So if model collapse has suddenly made AI4Communities more likely, what is it exactly, how do we get there, and is anyone building it?
Via the Three Legged Stool manifesto, “Very Small Online Platforms” are “social networks created for a very specific purpose, with rules, norms and affordances appropriate to that community” (A social network taxonomy).
While they’re obviously having fun with the EU’s regulatory term for “Very Large Online Platforms”, they see VSOPs as separate from federated servers(1), which combine the benefits of small size while enjoying large reach via federation.
But for the purposes of this post I’ll call them all “cozyweb”, partly to keep things simple, but mainly because AI4Communities should work for both, and because they all have one thing in common: their manageable size makes it easier for their inhabitants to establish and enforce community norms, making community management actually possible:
“it’s fundamentally impossible to do good content moderation or conversation at a scale of billions… A town square operates at a certain size, not at a global scale” - Could social media support healthy online conversations?
Which is not to say they’re all isolated: while each cozyweb community has its own content moderation policies tuned to its needs, they can be networked together without sacrificing independence.
So while each cozyweb can be a village — “small, most people know each other and you all share a common interest in keeping the sidewalks tidy” — each can choose, if they wish, to build federated roads to many other servers, including bigger ones “crowded with people, plenty of them sleazy and more than the occasional sidewalk madman… But you’ll always discover something or someone new there.
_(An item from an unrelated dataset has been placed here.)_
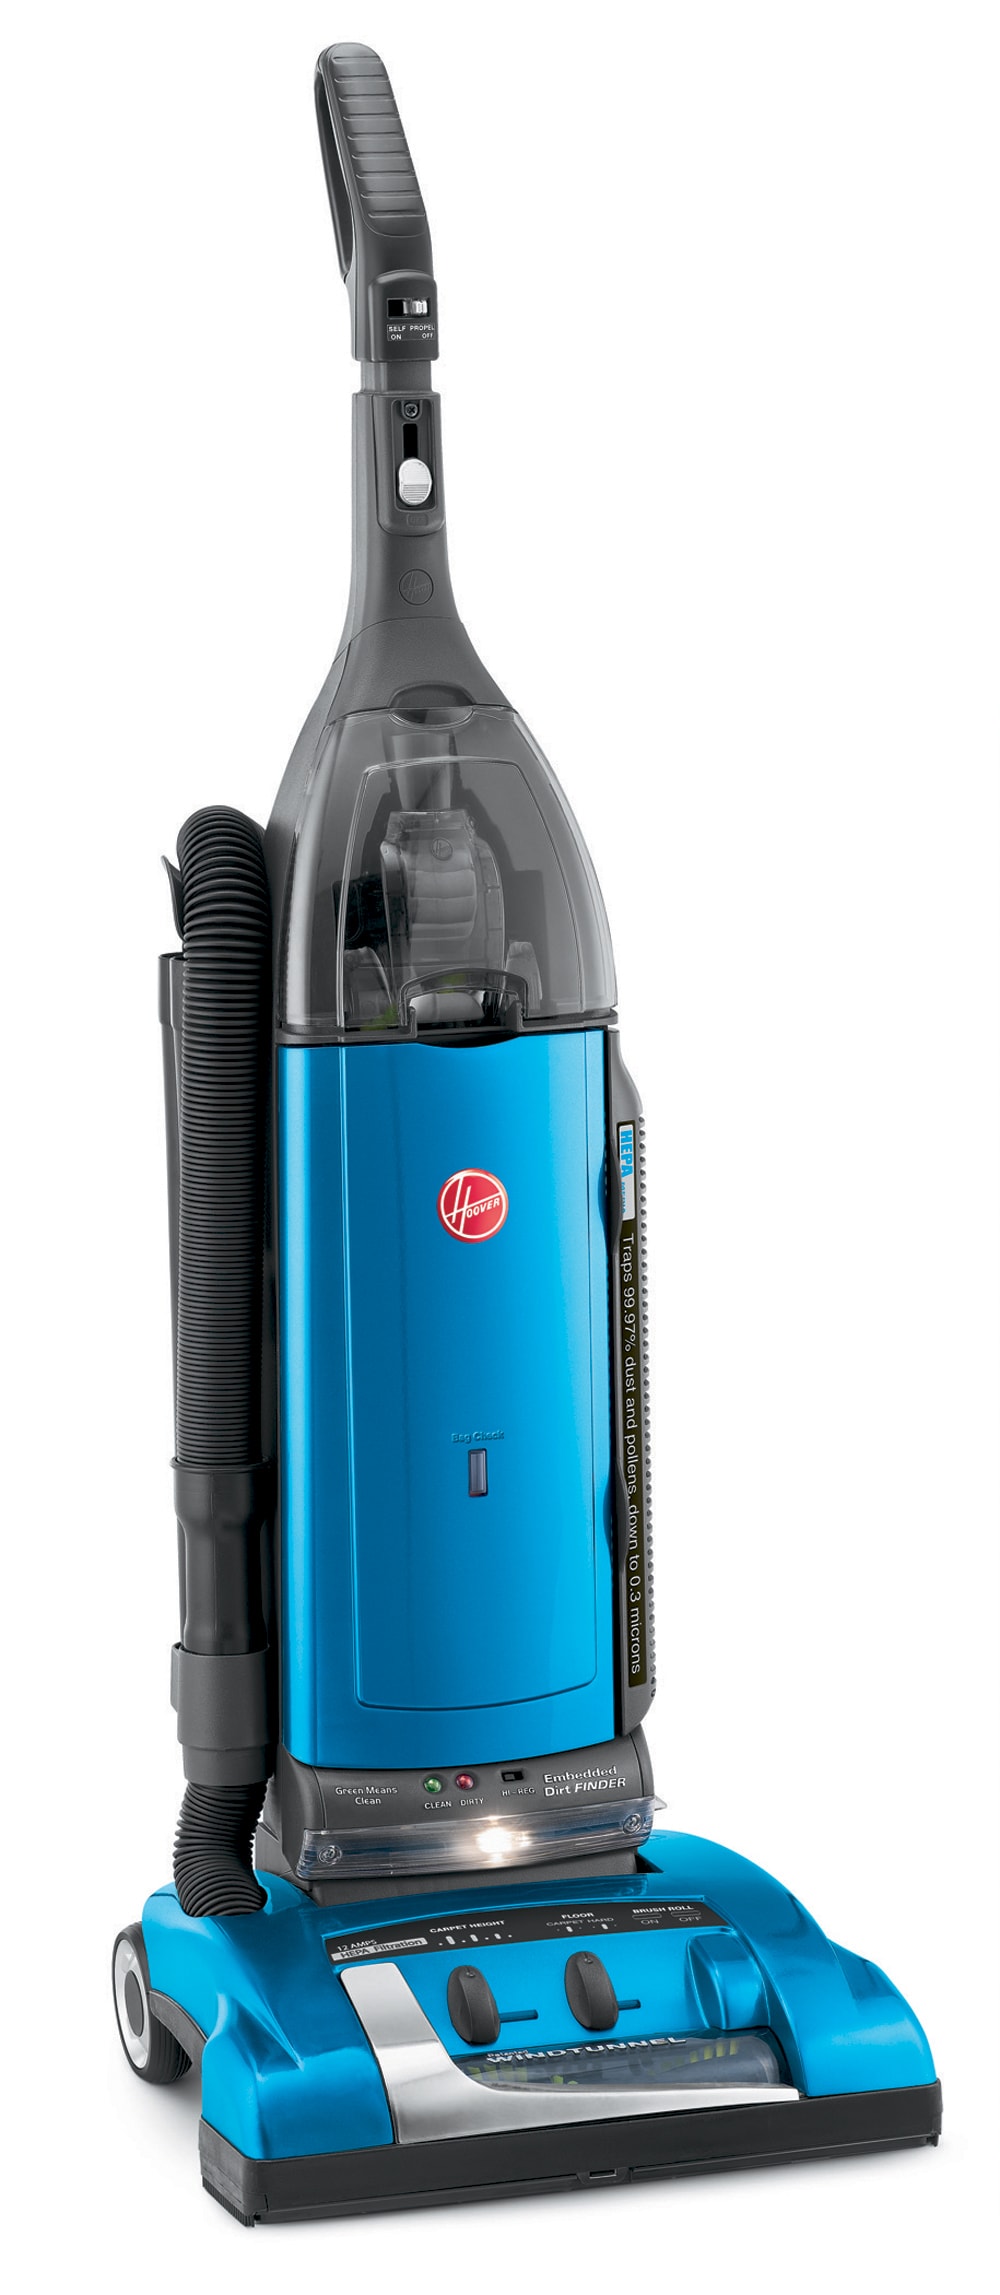 Hoover 35601865 H81-Hoover vacuum cleaner bag for Epa, 3.5 liters au  meilleur prix sur

Every second person’s selling something, but one in 20 is selling what you need. Besides, you’re selling too…” (from Welcome to the Fediverse, starry-eyed noob).
Today, building a road between two servers is a question of federating them, while the actual traffic travelling the road depends on whether the inhabitants follow each other.
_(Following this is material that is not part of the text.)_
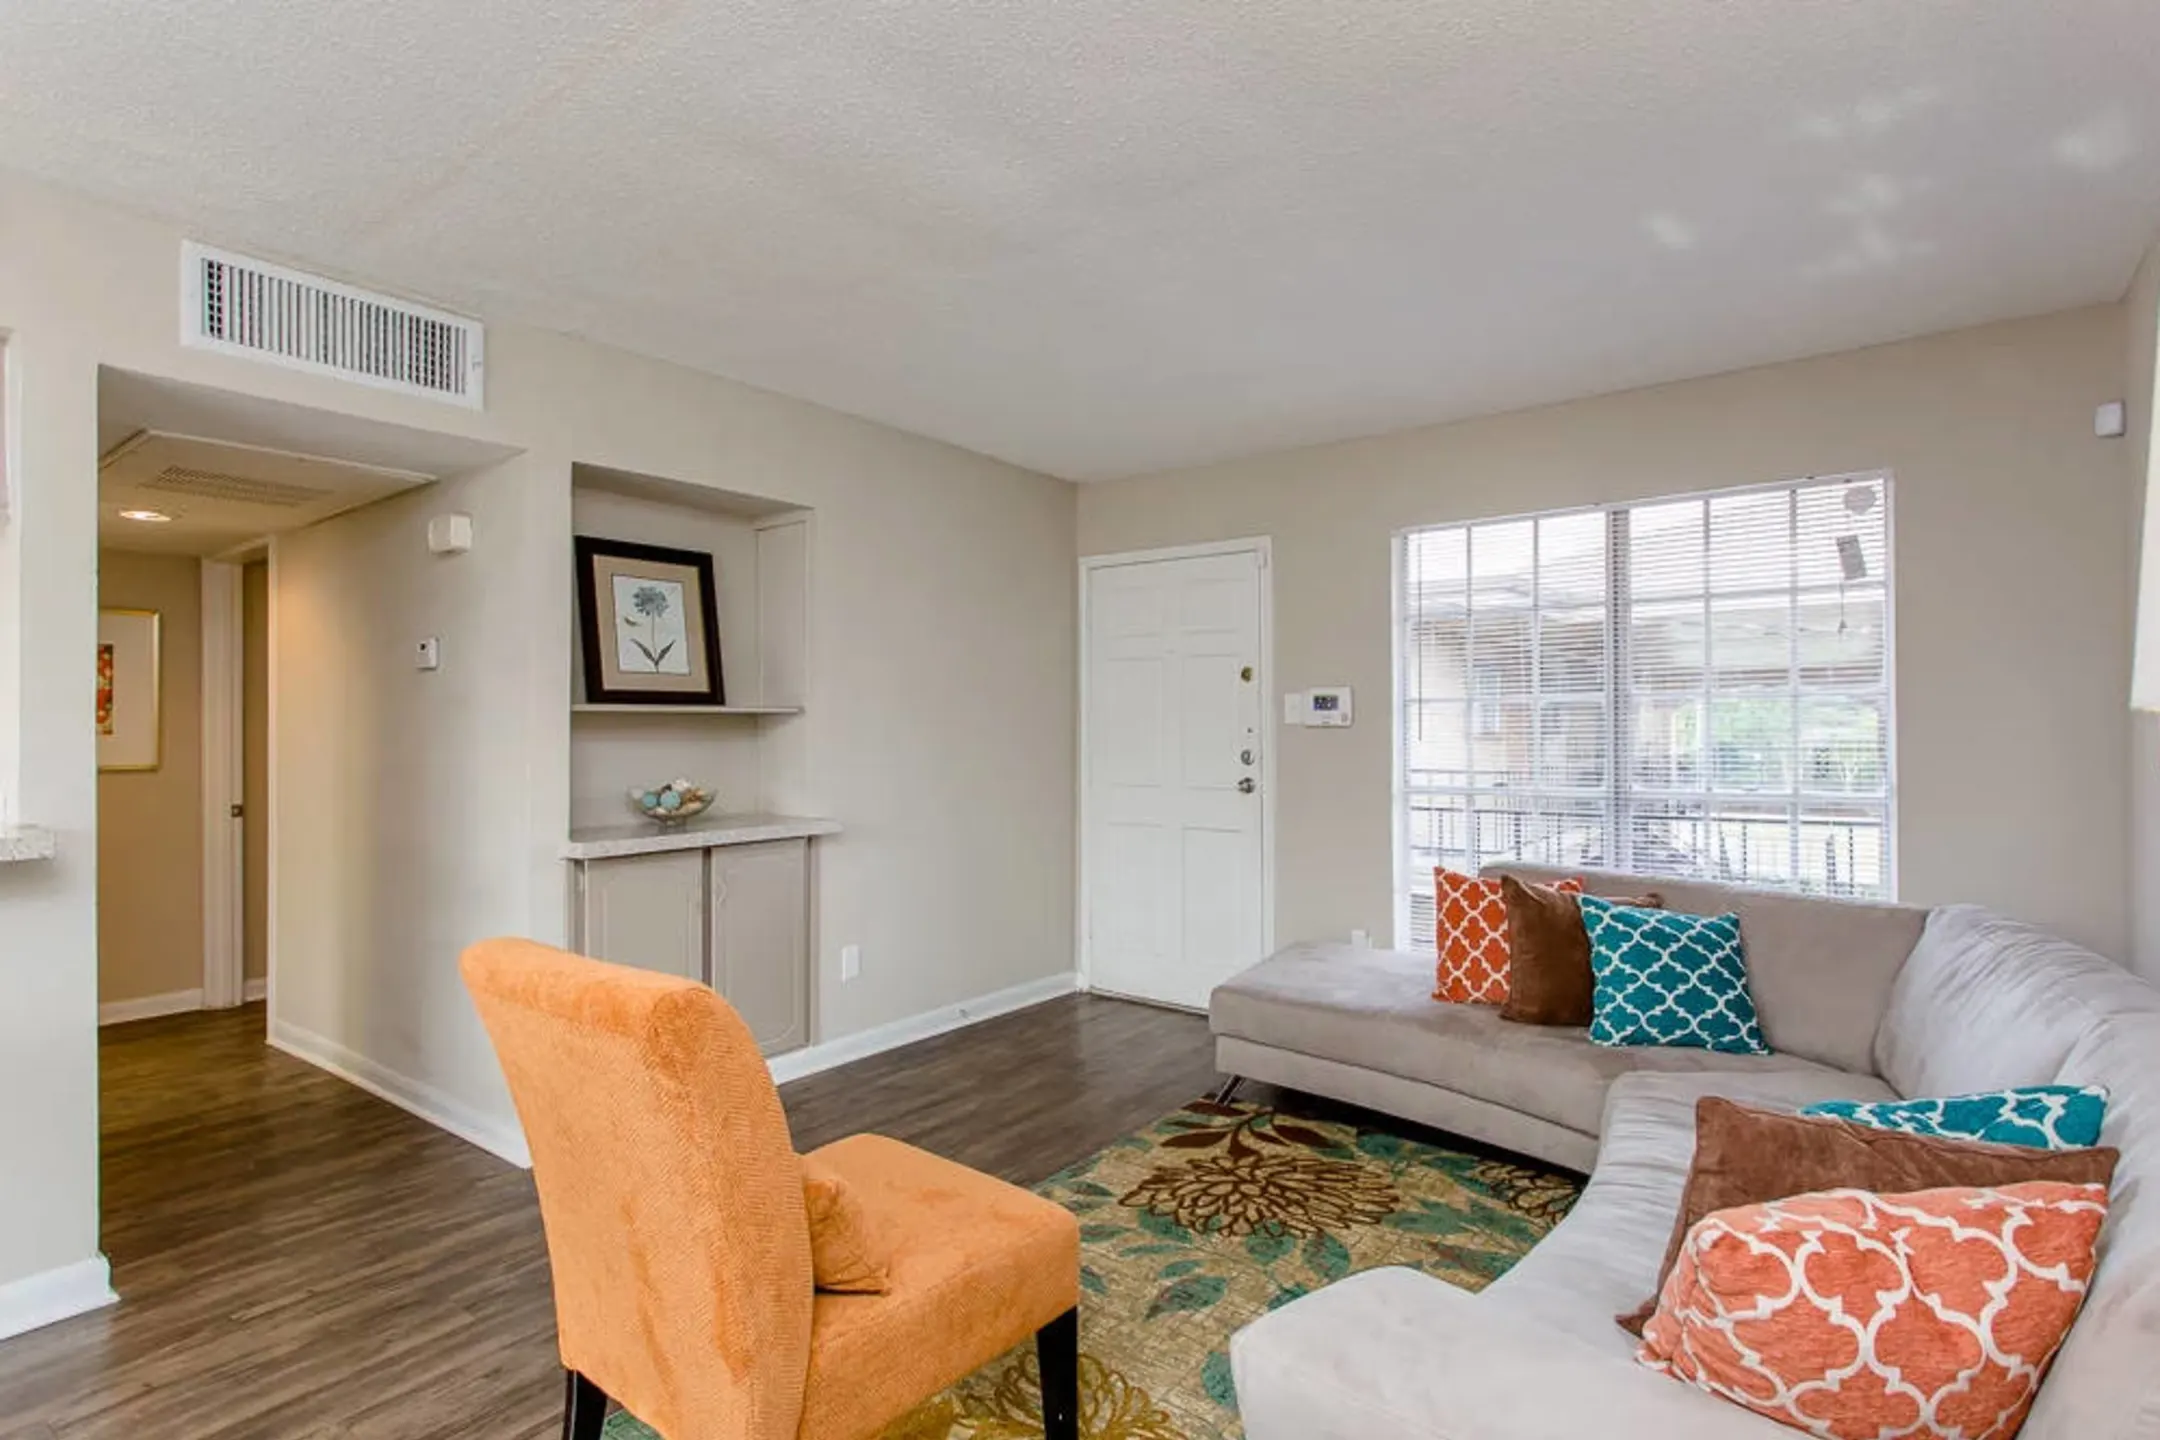 Living Room - 77081 Luxury Properties - Houston, TX

Tomorrow, AI4Communities foresees each village with its own AIs. And they’ll be busy:
Today, Fediverse villages provide each inhabitant with three feeds:
And that’s it (* note: noone in your village can follow anyone from a village which your village does not federate with, which is a feature, not a bug).
The other protocols offer other affordances, so I’ll covre them below.
Tomorrow, your village’s AI could proactively pull in and surface content from across the Fediverse (again, excluding un-federated servers) of interest to each village inhabitant. These customisable “For You” feeds will be driven by relevance and trust, as explored earlier:
Concentric trust circles of collective intelligence, from Building collective intelligence from social knowledge graphs
So how is this any different to X, Threads et al? Two reasons:
Facebook’s AI knows what you do on Meta’s properties, plus whatever it gleans from spying on you as you browse the web and use apps.
That’s a lot, but think about what happens when you combine publishing tools (blogs, social posts) with bookmarking and personal knowledge management, and then network them together across the Fediverse, all supported by a personal AI. That AI can learn from:
That’s a shedload of tightly interconnected knowledge, all reflecting your interests and expertise. Any AI sourcing a knowledgebase like that will perform content discovery superbly well for you. And as we’ll see later, it’s also extremely valuable AI training data, due to the authentically human curation and creation processes that went into making it.
But one thing’s not there: your village AI doesn’t spy on you and sell your profile to help advertisers target you. Because of the second reason:
Your village’s algorithm works for you, not the platform’s owners and advertisers. Don’t want it to optimise your feed for enragement? Tell it not to. Don’t like engagement bait, NSFW comedy or culture war memes? Tell it so. Only interested in a few topics? Let it know.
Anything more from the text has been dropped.